Next up, I tried Total War: WARHAMMER II. A Linux port from Feral Interactive released only in November last year. This would have been quite an exciting comparison, since the Linux version uses Vulkan. First issue encountered when trying it in Steam Play, is that it gives you a completely blank white launcher, so you need to opt into their new launcher beta which does work in Steam Play.

So you hit play on the fancy new launcher, guess what happens next? You get a brief moment of life, a glorious flash of black…and then it just quits to the desktop. Happens across both Proton 3.7 and 3.16. So, Total War: WARHAMMER II in Steam Play is a dud whereas the actual Linux version does work rather nicely.

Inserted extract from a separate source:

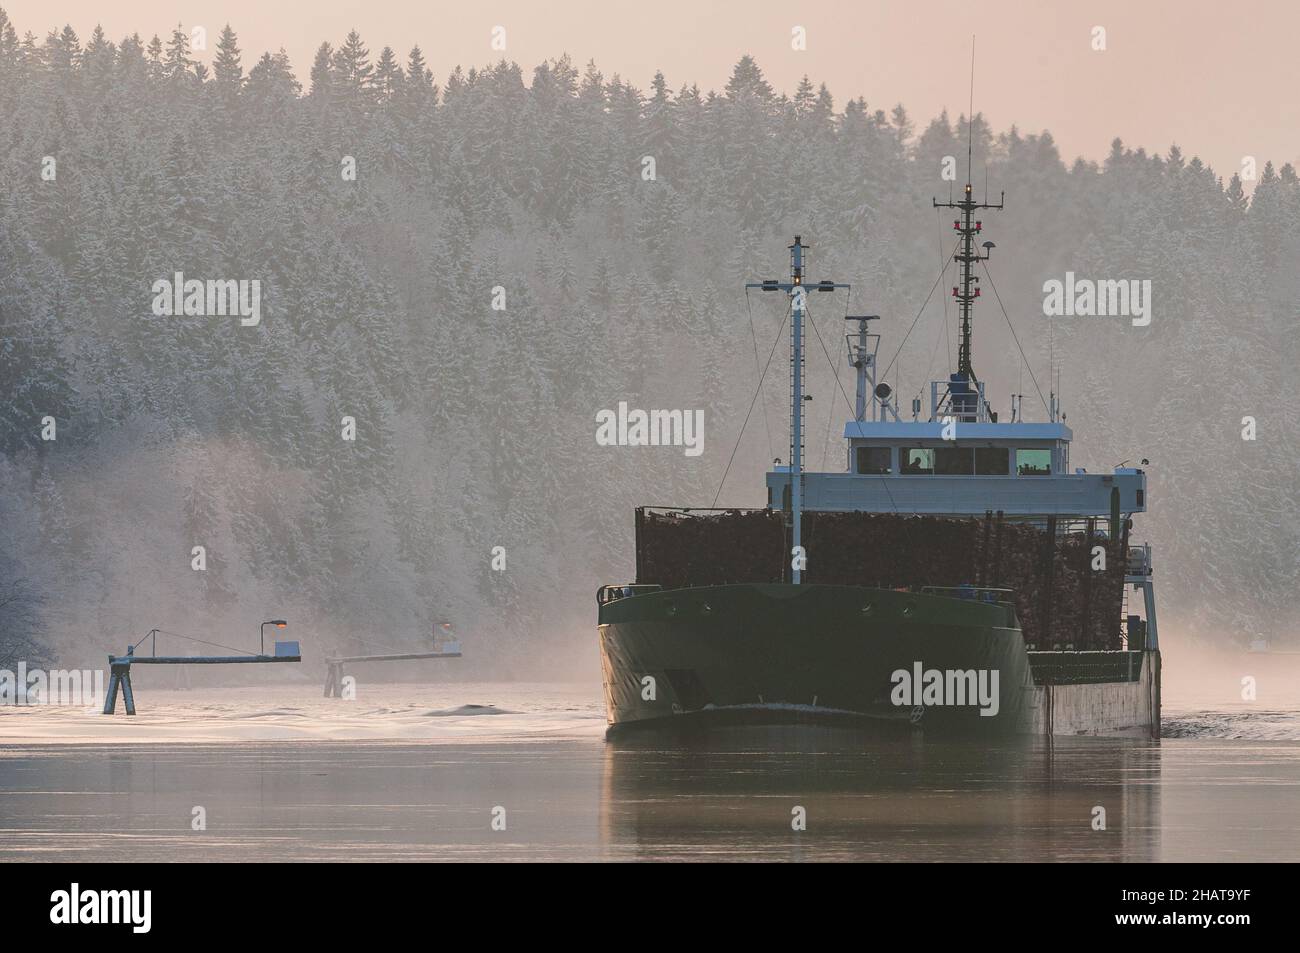 Freight ship on river, Sweden Stock Photo

The curious one is Rise of the Tomb Raider, I've been told this should work in Steam Play to do a comparison. However, it faced the same issue for me as Total War: WARHAMMER II. A black screen for a moment and then it quits on me. I have sent a log to the creator of DXVK for that, maybe it will help somewhere. Again, the Linux version from Feral works nicely.

 

The testing in this article was going to be longer, I had some grand plans for doing a lot of comparisons. However, Steam Play is still in beta and it has an uphill battle ahead of it. Rise of the Tomb Raider, Total War: WARHAMMER II, Civilization VI, Deus Ex: Mankind Divided and BioShock Infinite didn't work at all in Steam Play across both Proton 3.16 and 3.7 but the Linux versions do work. Sad about not being able to test more, but it's an example of how a supported release is the better option for certain games (especially multiplayer games like Darwin Project) and not the answer to everything as some claim. Great as an option but not quite ready for prime time overall, it will be fun to watch it evolve over this next year.

As I've said before though, with Steam Play it's not just a case of squeezing out extra performance. It's also a question of support and features of the Linux version (gamepad support, fullscreen issues, missing graphics options and so on). From a performance standpoint though, it shows clearly Linux can be a gaming platform that performs well.

The biggest question in my mind is: do you really get any true support with games you purchase to play in Steam Play? What exactly are you paying for? I don't really have an answer for that. For a purchased game, the developer (you would think) would be focused on it and fix issues as they come up. With Steam Play though, it covers such a massive list you could end up waiting a while for a fix (if it's possible at all). Thankfully, Valve has made a good step towards stopping Steam Play updates breaking games, since the latest Steam client beta no longer overrides the Proton version for a game in the whitelist.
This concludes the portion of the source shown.